- _What is being asked_
All lines in the records below from the line with "Gamla Stan, The old town in Stockholm" through the line with "Swissvoice DECT Cordless" are to be given again exactly, both ends included; the pictures are to be left out.

- _Dataset_
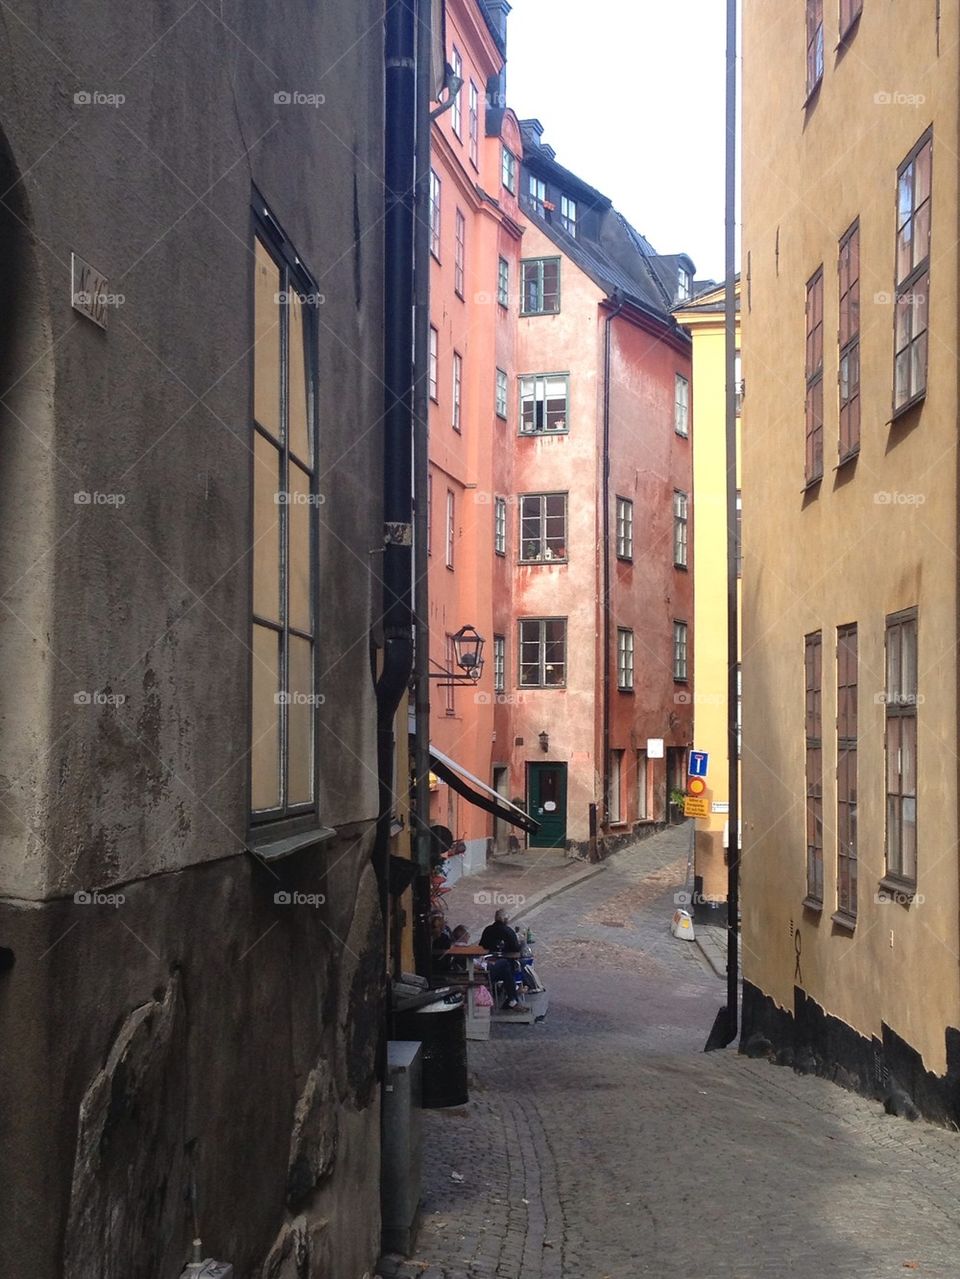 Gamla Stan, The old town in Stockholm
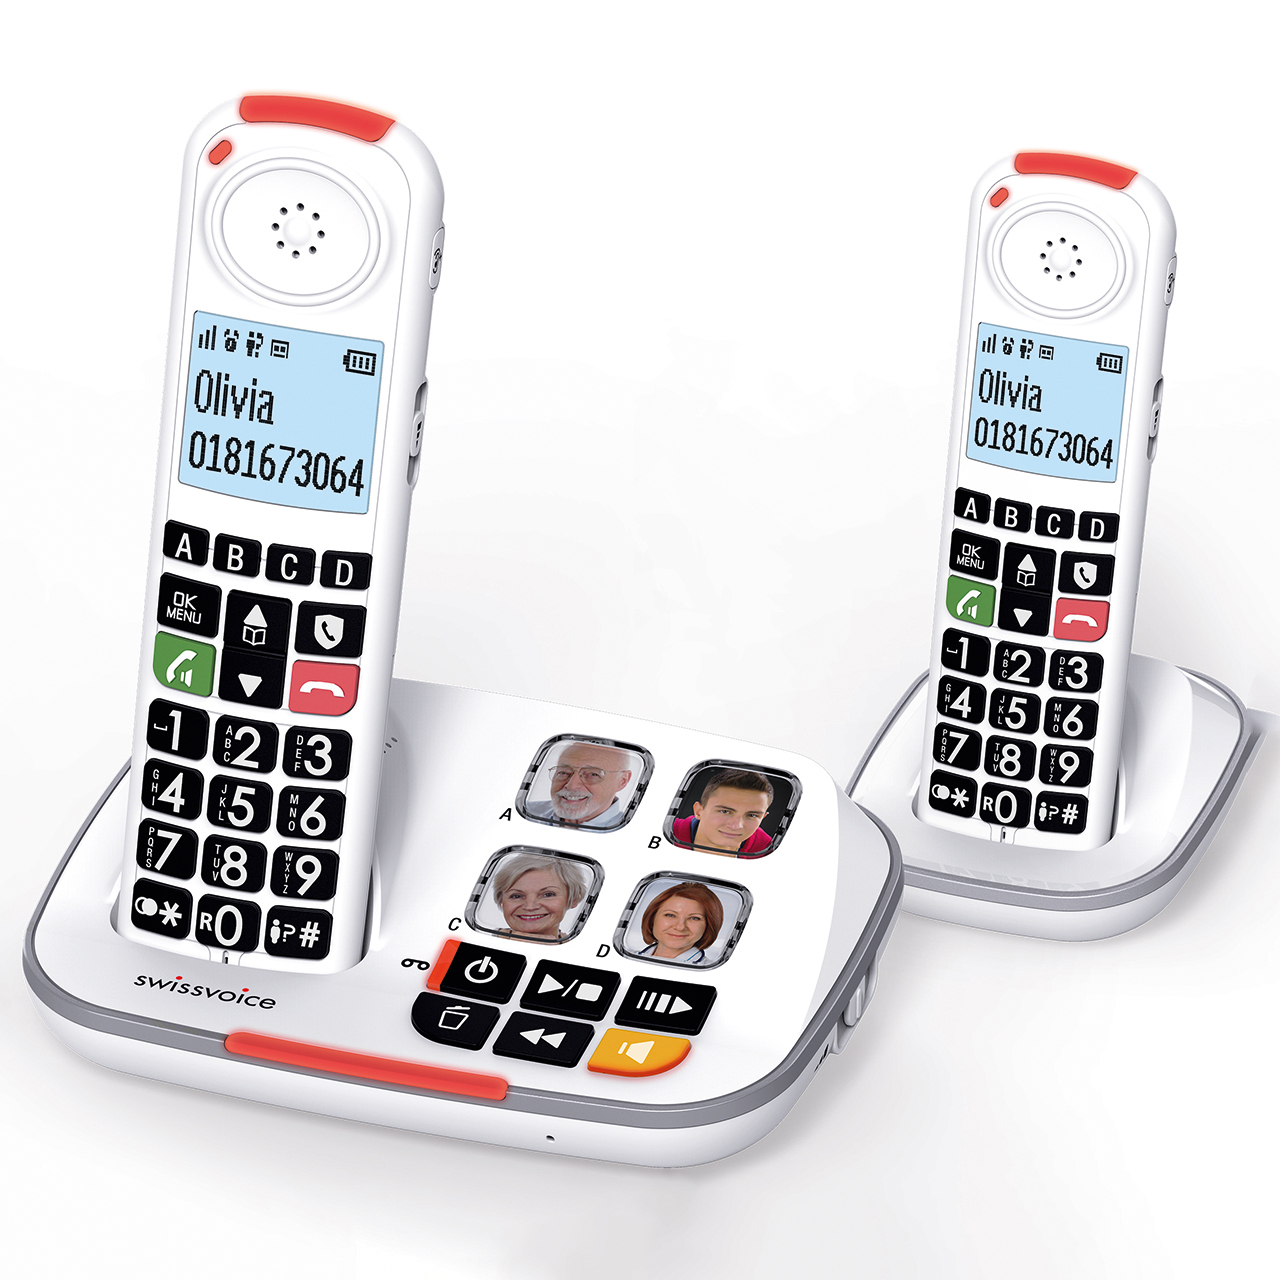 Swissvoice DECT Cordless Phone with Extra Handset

---

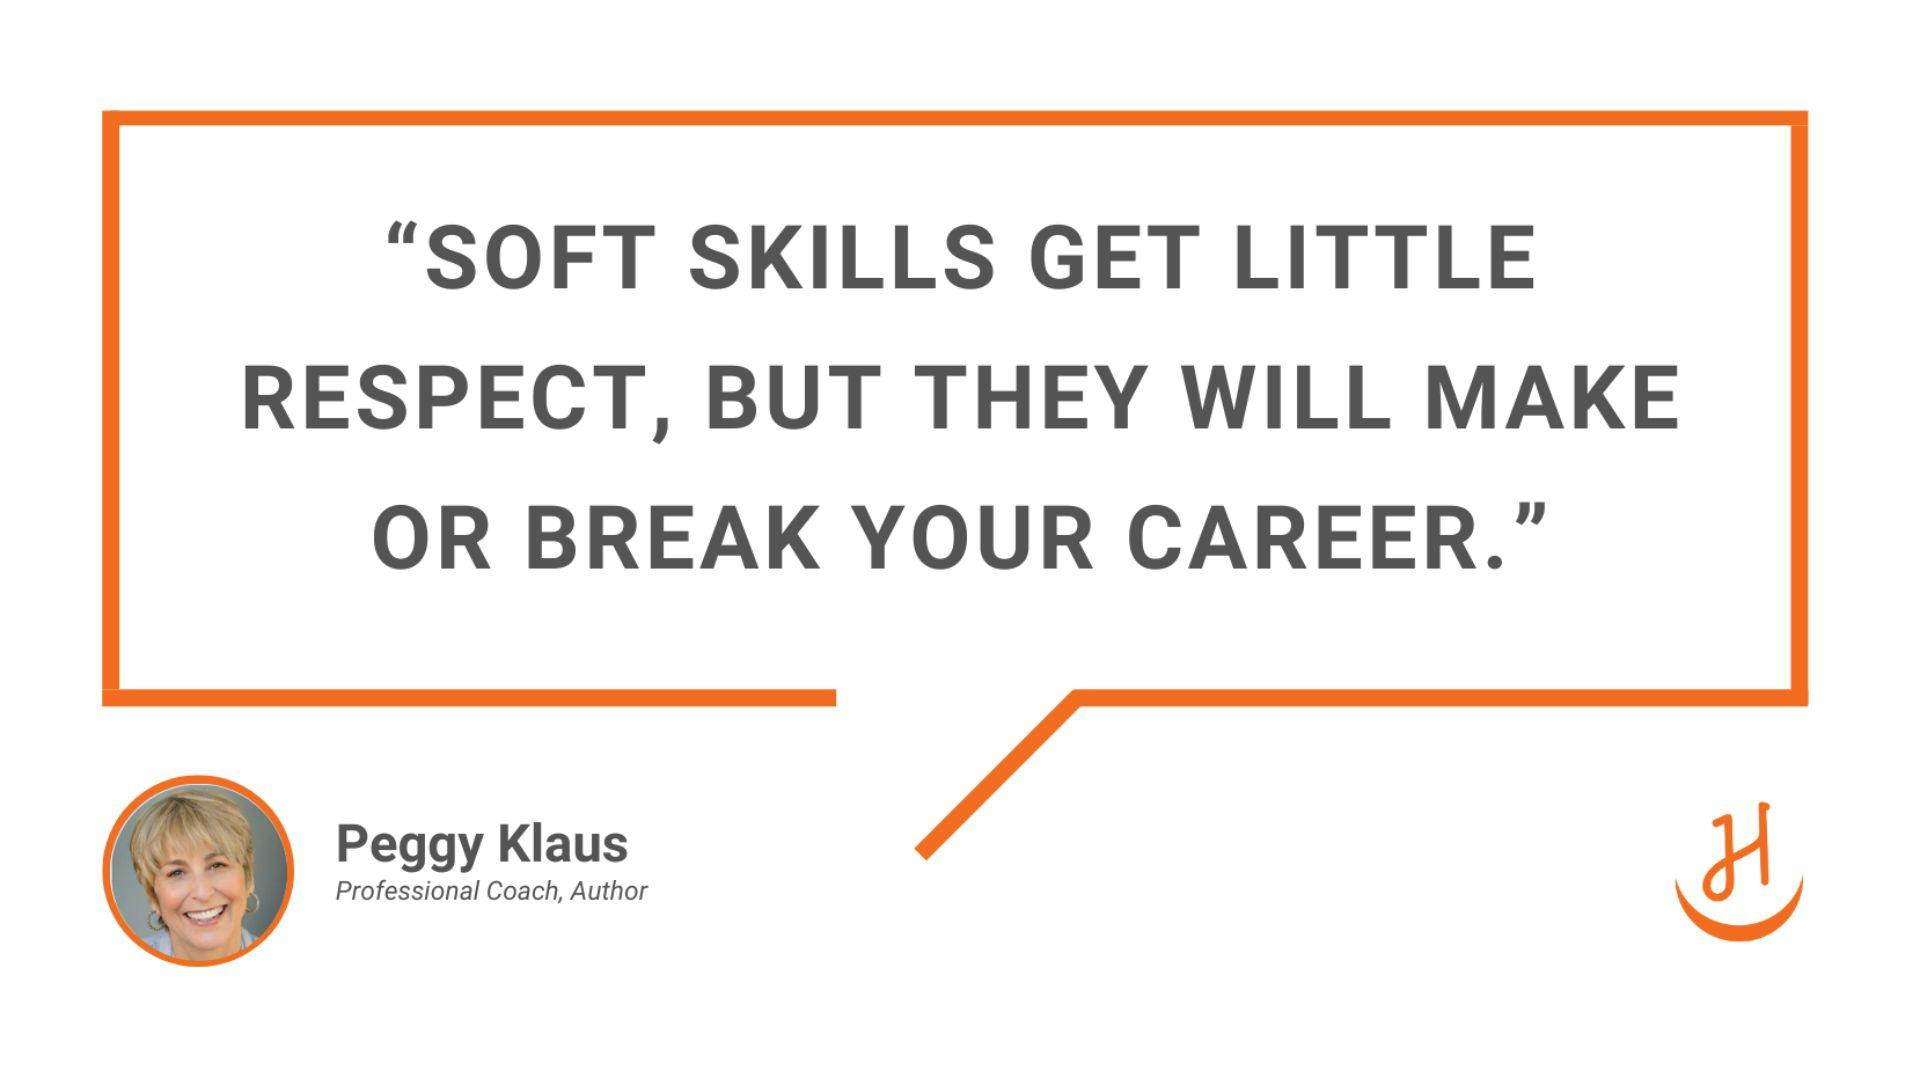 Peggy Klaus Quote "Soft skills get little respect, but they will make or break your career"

--

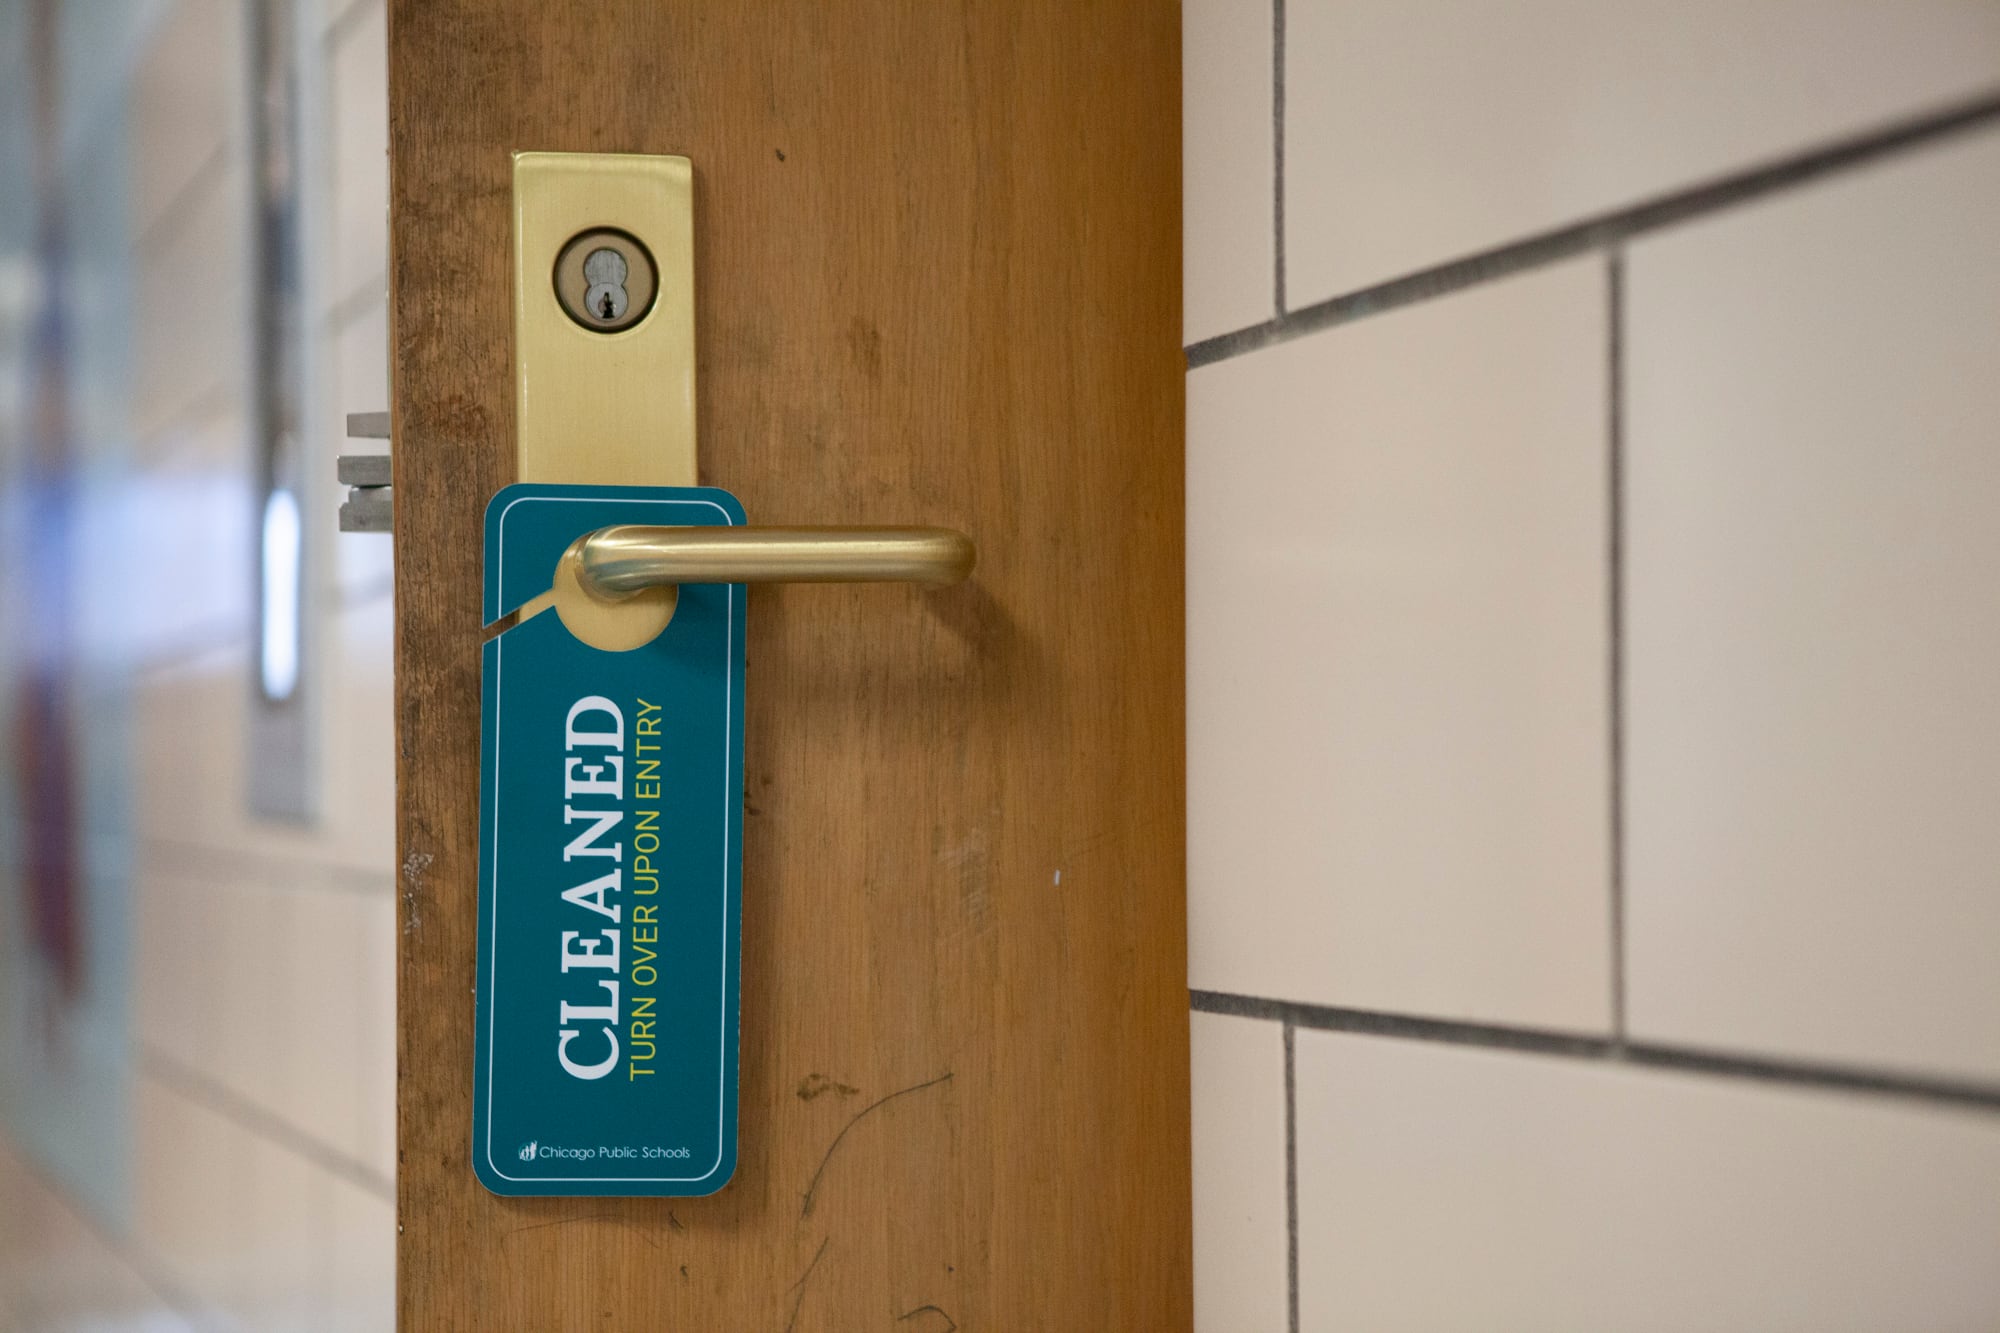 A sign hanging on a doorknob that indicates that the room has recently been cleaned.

- _Solution to the exercise_
 Gamla Stan, The old town in Stockholm
 Swissvoice DECT Cordless Phone with Extra Handset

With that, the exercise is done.